The supervisor is the sandbox-local enforcement component. It starts before the
agent process, prepares the sandbox runtime, fetches gateway configuration, and
then launches the agent under the active policy.

| Protection layer | Supervisor responsibility                                                                                                                                         |
| ---------------- | ----------------------------------------------------------------------------------------------------------------------------------------------------------------- |
| Process          | Drops privileges, applies process identity rules, disables privilege escalation paths, and starts the agent as a restricted child process.                        |
| Filesystem       | Applies filesystem policy before the agent starts so undeclared paths are inaccessible and declared paths are read-only or read-write as configured.              |
| Network          | Routes ordinary egress through the policy proxy so destination, port, binary identity, and L7 request rules can be evaluated before traffic leaves the sandbox.   |
| Credentials      | Receives credential material from the gateway and injects it only through configured policy paths or request-time proxy rules.                                    |
| Inference        | Intercepts `https://inference.local` and forwards model traffic through the configured inference route instead of exposing provider credentials to the agent.     |
| Observability    | Emits local security and lifecycle logs, pushes sandbox logs to the gateway, and keeps relay endpoints available for connect, exec, and file transfer operations. |

Static controls such as filesystem and process isolation are established at
sandbox start and require sandbox recreation to change. Dynamic controls such as
network policy, credential delivery, and inference routing can refresh over the
live gateway-supervisor session.

## Ecosystem Integration

OpenShell integrates with infrastructure ecosystems instead of replacing them. Runtimes, schedulers, secret stores, identity providers, workload identity systems, image pipelines, storage, and GPU or device exposure remain owned by the platforms that provide them.
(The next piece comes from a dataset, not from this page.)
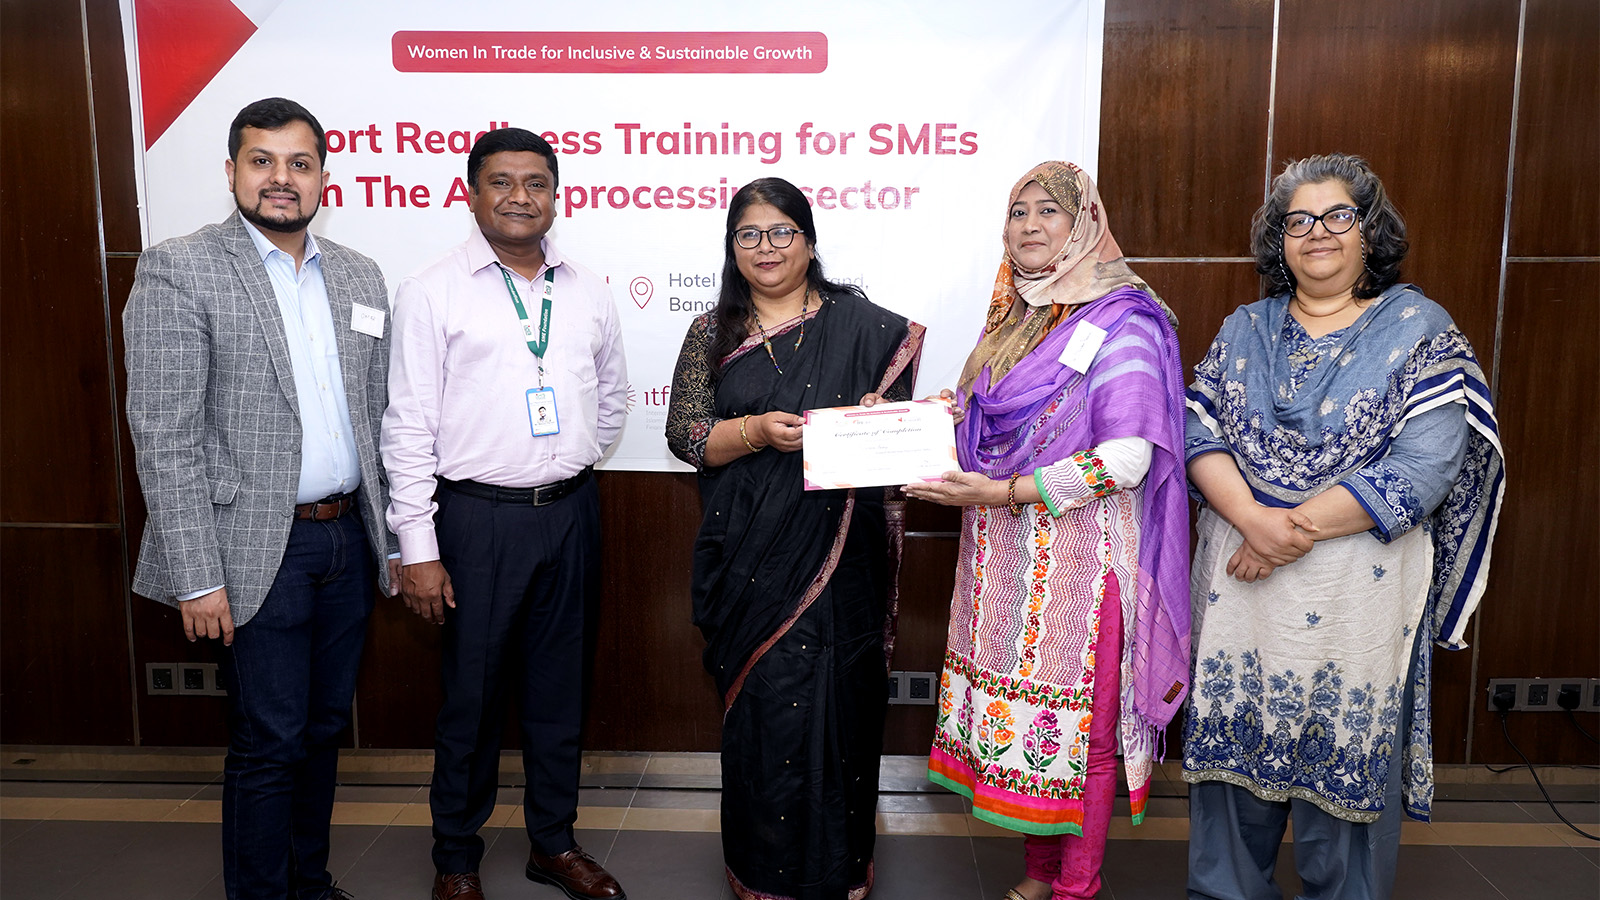 A participant at the event receiving certificate from the trainers

The gateway owns OpenShell control-plane semantics: sandbox state, lifecycle ordering, policy and settings resolution, credential mapping, authorization, inference configuration, and relay coordination. Drivers translate those semantics into platform-native operations.

The supervisor owns OpenShell sandbox semantics. Filesystem policy, process privilege reduction, network proxying, inference interception, credential injection, security logging, and gateway relay behavior stay consistent across Docker, Podman, Kubernetes, VM-backed sandboxes, and future integrations.